To my professors: First and foremost, Daniella Gandolfo, my thesis advisor,
thank you for your unreserved guidance, kindness, patience, wisdom, and
enthusiasm through every stage of this project for the past two years. Thank
you for always pushing me to expand and complicate my thinking, and for
inciting my love of anthropology in ANTH 101. Joey Weiss, thank you for
teaching me to write ethnography and for challenging me to deepen my
understanding of theory, always with a sense of humor. Betsy Traube, thank
you for your devotion as my advisor throughout my time at Wesleyan and for
your diligent edits during the early stages of this project. Margot Weiss,
thank you for encouraging me to write, to be imaginative, and for showing me
how ethnography can be art. Thank you to the Anthropology Department
and Andrew J. Goffe for providing funding for this project, allowing me to
devote my focus to it last summer.
To my classmates in ANTH 400: Thank you for all your questions, for
pushing my thinking further, and for helping me see my blind spots. It was a
privilege to share my work with you and to get to be a small part of yours too.
To Evelyn: Thank you for sharing your stories and perspective as a non-native
New Yorker, for listening as I sifted through my half-formed thoughts, for
helping me piece them together. This friendship is so special and so
grounding, it gives me the courage to dream.
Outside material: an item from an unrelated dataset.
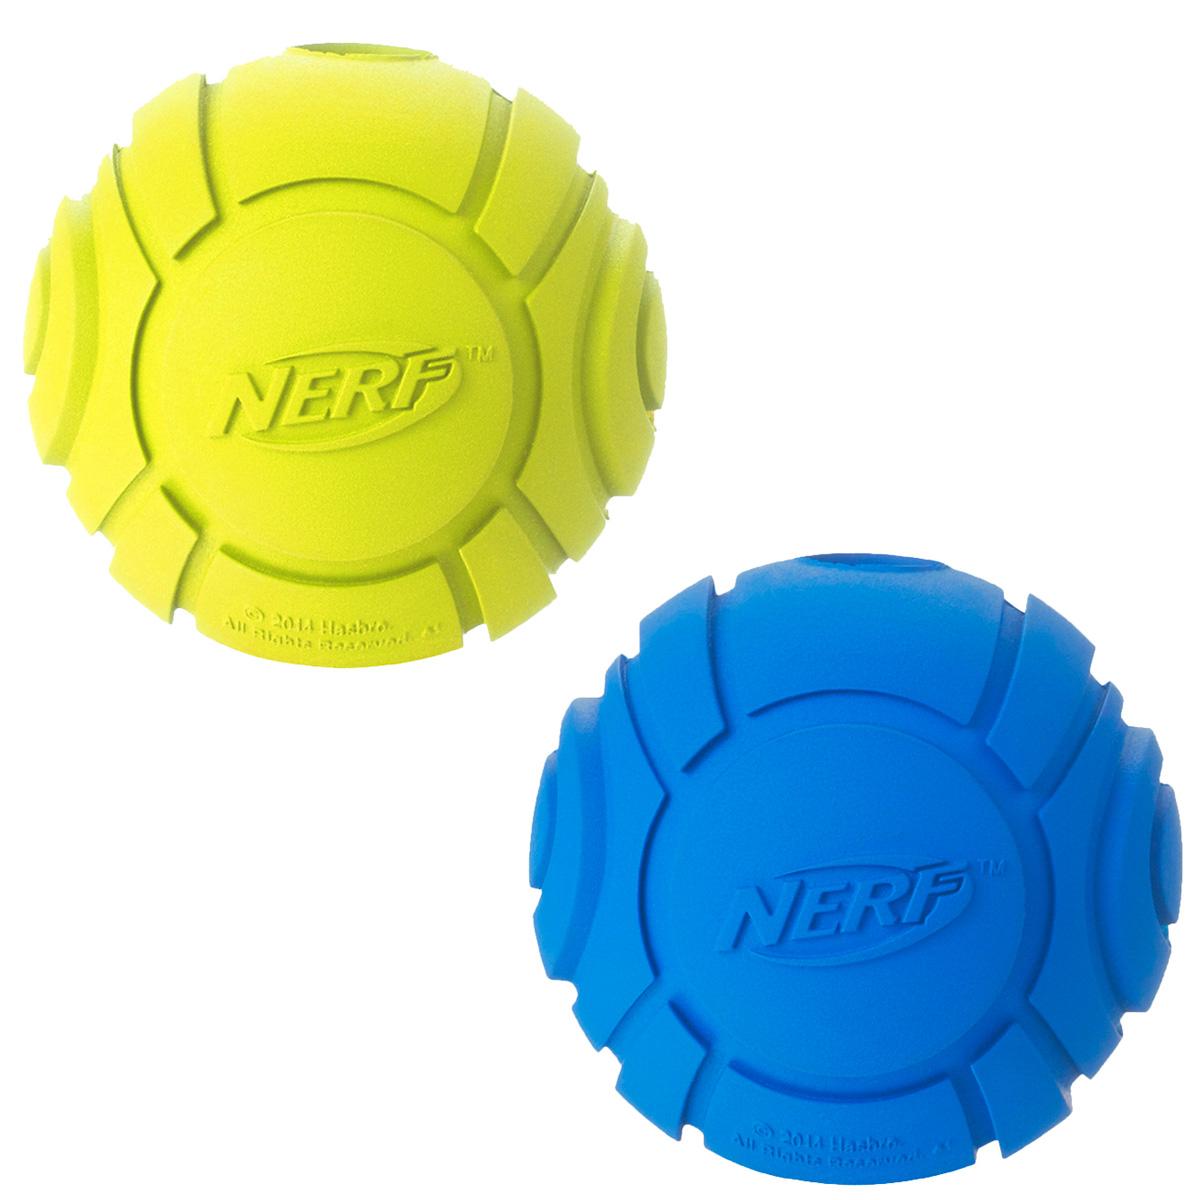 Игрушка для собак Nerf Мяч, рифленый, 6 см, 2 шт75354Мячи Nerf выполнены из сверхпрочной резины. Оптимальны для игры с собакой дома и на свежем воздухе.Подходят собакам с самой мощной челюстью.Высококачественные прочные материалы, из которых изготовлены игрушки, обеспечивают долговечность использования.Яркие привлекательные цвета.Размер S: 6 см.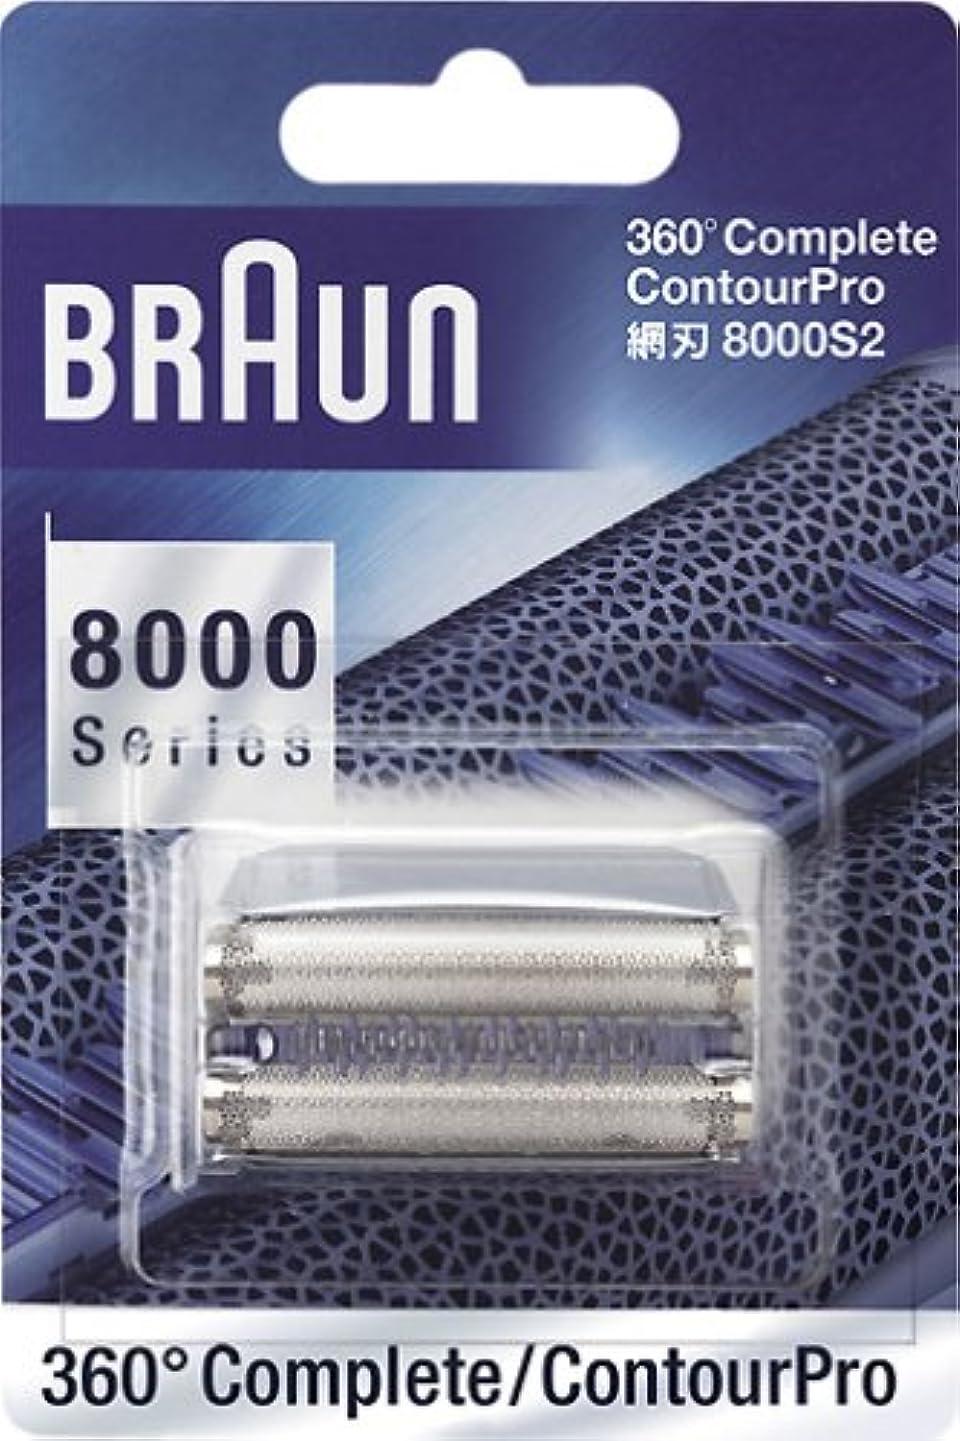 回る追放する溶かすブラウン 360°コンプリート/コントゥアプロ用 網刃 F8000S2

To Meg: Thank you for your support, for helping me sit through times of
stress until I eventually found solutions. Thank you for inspiring me with your
own ideas and work. Thank you for your unconditional love, your insights,
your earnest questions, your syntactic prowess, your critiques, your stories,
and of course your transcription work on the most frustrating and
incomprehensible audio recording of all time. You are all over this project.